Мишель был счастлив и безудержно эйфоричен. Вместе со скотчтерьером они метались по кухне, заглядывали в глаза хозяйкам, оба полные надежд и куража. Городская жизнь приняла Мишеля как родного. Четыре тонких щиколотки слегка пританцовывали в такт доплывавшей из комнаты многообещающей музыке. Порыв вдохновения швырял Мишеля, как щепку, от плиты к кухонному столу.

В самозабвении Мишель полоснул ножом по указательному пальцу и оказался в центре внимания. На палец перемотали полбинта, завязали кокетливый бантик. Мишель был отстранен от плиты и отправлен на прогуливание скотчтерьера.

— С поводка не спускай! — кричала Светик вслед, в лестничный пролет. — Не спускай ни в коем случае! А то сбежит, или украдут! А он семьсот рублей стоит! Он один такой в городе!..

— Ишь ты, один такой в городе, — сказал Дерибасов собачьему выродку, — а я один такой в Назарьино. А может, и в целом мире.

В скотчтерьерову уникальность городского масштаба Дерибасов, конечно же, не поверил и не верил ровно двадцать минут. Он уже возвращался в обретенную ячейку городского соблазна, когда из подворотни вынырнула красивая модная одежда, с невзрачной женщиной внутри.

— О боже! — изумленно взвыла она. — Это же скотч-терьер! Второй в городе! Прелесть! Ах ты, мой мальчик! Откуда вы привезли это чудо? И как же нас зовут, таких хороших?

— Мадам, — с достоинством ответил Дерибасов и впервые внимательно осмотрел собачьего выродка. — Моя фамилия — Дерибасов. Сегодня утром мы приехали из Одессы. Я там родился и провел большую часть жизни. А что касается… Цезаря, так он африканец. Я его выиграл у шкипера либерийского сухогруза. Знаете, Либерия, мадам, — это такая маленькая страна, в самом сердце Африки, но у нее до неприличия большой флот. На Одесском рейде постоянно стоит что-нибудь под либерийским флагом.

— Продайте мне вашу собаку! — потребовала женщина.

— Мадам, — укоризненно сказал Дерибасов, — простите, но это собака, а не свинья, которую растят на продажу. Компрене ву? В смысле, Дерибасов не продает своих друзей.

Взгляд женщины прыгал со скотчтерьера на Дерибасова.

— Я бы дала пятьсот рублей, — сказала она.

Дерибасов остро пожалел, что сболтнул девицам о Назарьино, и, скрывая досаду, рассмеялся с видом явного превосходства.

— Семьсот, — уточнила женщина.

— За Цезаря? — изумился Дерибасов.

Женщина закусила губу и удила:

— Штука! — бросила она и, не мигая, уставилась на Дерибасова.
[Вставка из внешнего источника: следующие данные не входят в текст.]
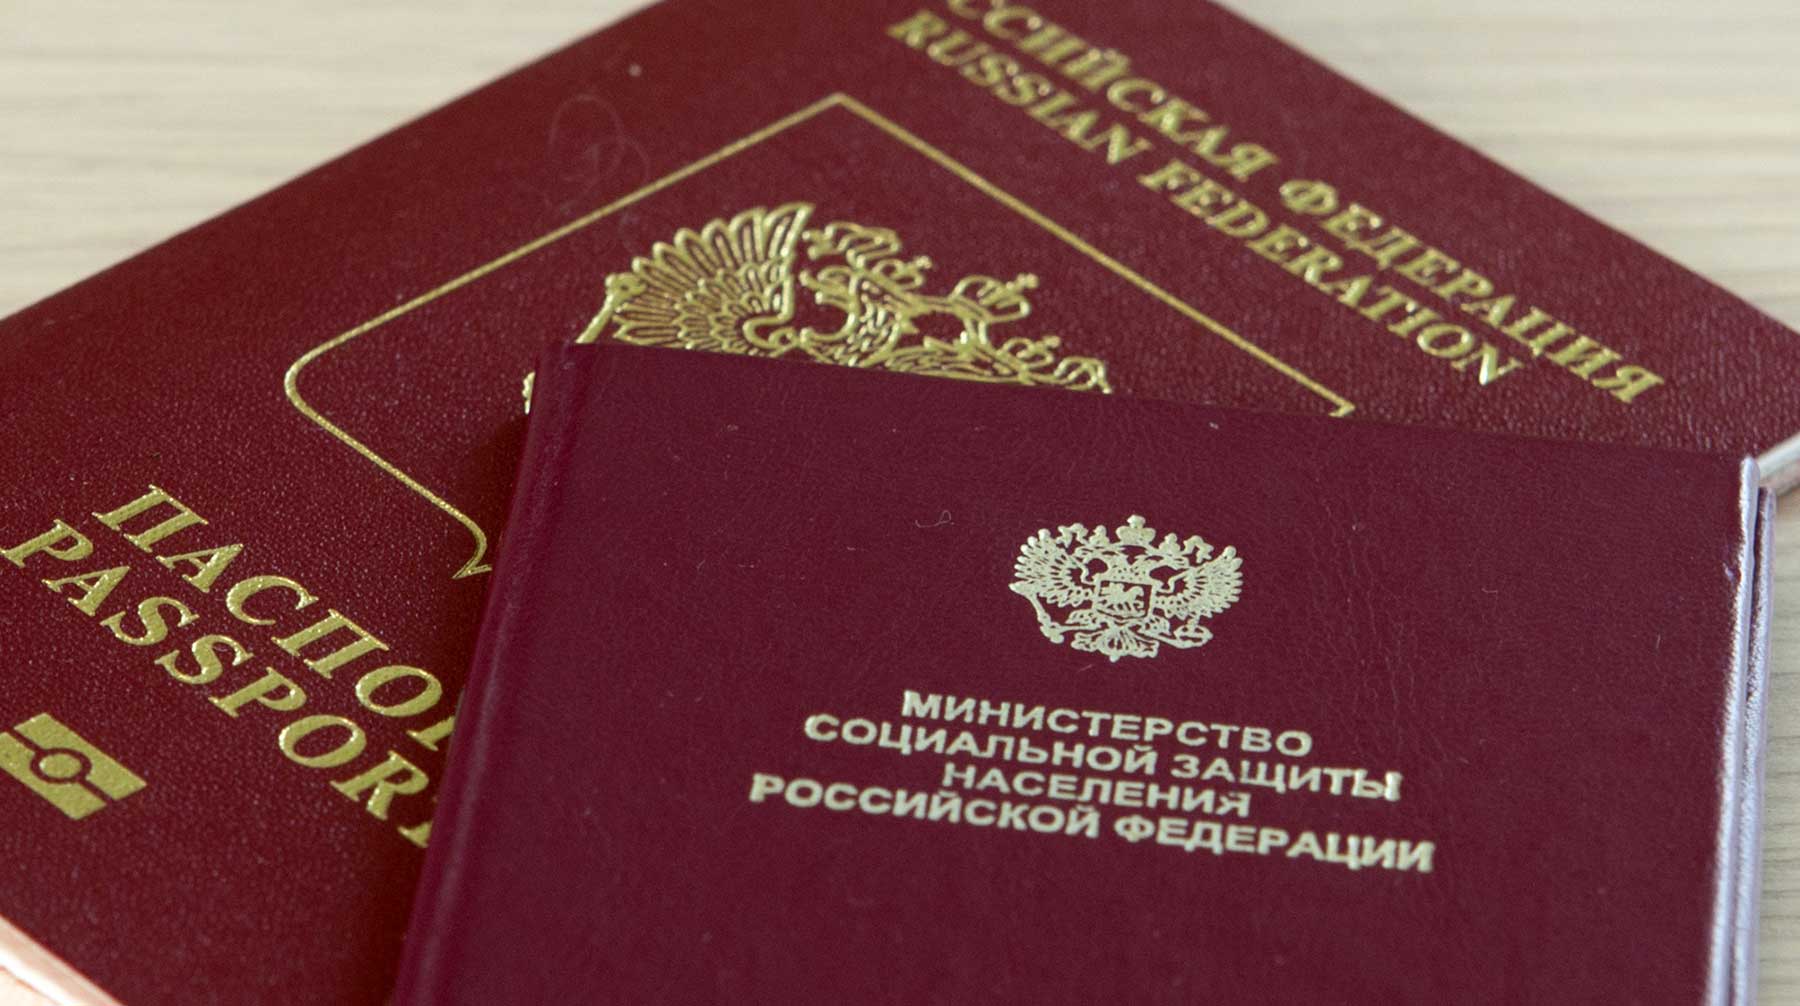 Президент России также подписал закон об уточнении порядка начисления социальных выплат семьям Фото: © GLOBAL LOOK press / Nikolay Gyngazov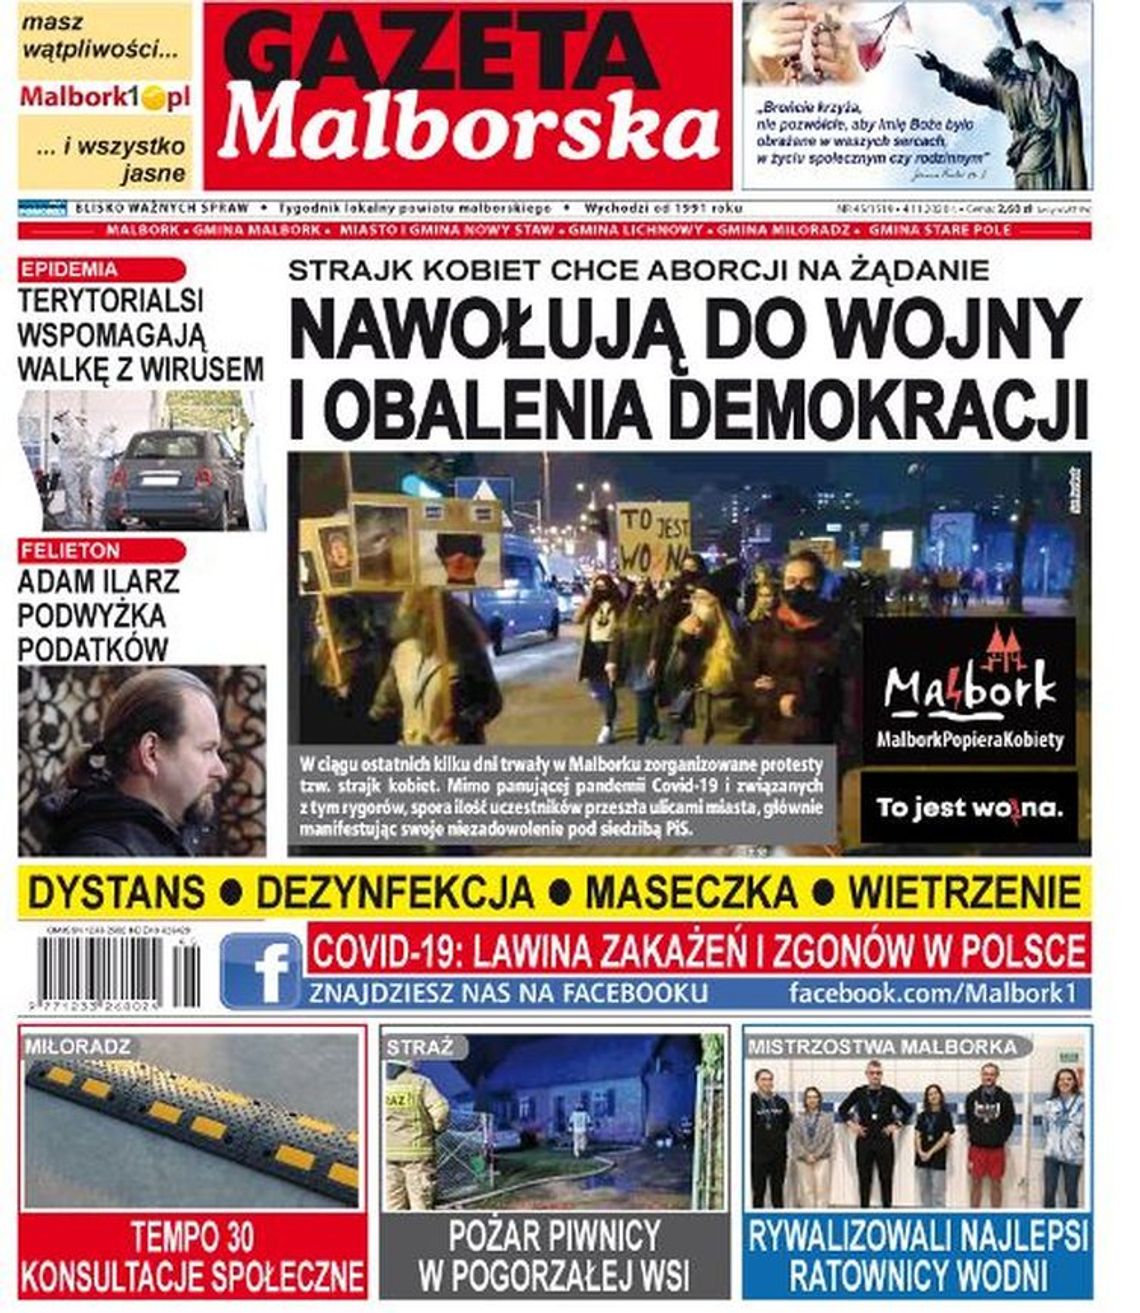 Nowy numer Gazety Malborskiej  już w sprzedaży!!! Najświeższe wiadomości z Malborka  i gmina naszego powiatu dostępne w Twoim kiosku. Co w środku?

Этот термин Дерибасов слышал впервые, но понял его правильно и заволновался.

— Не держите меня за блондина, — сказал он и сглотнул.

— Черт знает что! — возмутилась женщина. — Сколько же вы хотите?!

— Это вы хотите, — холодно ответил Дерибасов.

— Ладно. Тысяча двести, — сухо сказала женщина.

— Ну вот, мадам, — улыбнулся Дерибасов одними губами, — наконец-то вы назвали настоящую цену.

Женщина облегченно вздохнула, и это не осталось незамеченным:

— Так вот, мадам, — продолжил он, — если бы я собирался продать Цезаря, то уступил бы его вам за эти деньги. Но все дело в том, что, как уже говорил, продавать его я не собираюсь. Во всяком случае за тысячу двести. Так что… продавать я не собираюсь… Даже наоборот. Собираюсь покупать… Мотоцикл… За… полторы, — Дерибасов ошалел от собственной наглости, почесал ус и добавил: — Так что вот так. Меняю собаку на мотоцикл.

Женщина с ненавистью посмотрела на Дерибасова:

— Тогда через час. Придется идти в сберкассу.

— Идите, идите, — снисходительно закивал Дерибасов, — я позабочусь о вашем Цезаре еще час. Значит так, в полдевятого у часов на автовокзале.

Снисходительность Дерибасова происходила от культивировавшейся в Назарьино убежденности: что отдать деньги в сберкассу, что пропить — все едино. Убежденность эта, как и все в Назарьино, имела корни. В тяжелые послевоенные годы самым зажиточным в селе оказался Анфим Дерибасов, привезший из Германии несколько чемоданов часов.

Наводнив часами весь район, он ощутил себя крупным районным финансистом и начал «выручать» людей. Даже из Ташлореченска приезжали к нему граждане, принужденные приобретать облигации займа развития народного хозяйства.

Анфим скупал их поначалу за полцены, затем за четверть, а в конце эпопеи за «десятину». Крепкую назарьинскую веру Анфима в государственный документ не поколебали даже очереди у его хаты и счастливые лица получавших сотни за тысячи. Когда у Анфима закончились деньги, он расстроился даже больше, чем очередь, которой их не хватило.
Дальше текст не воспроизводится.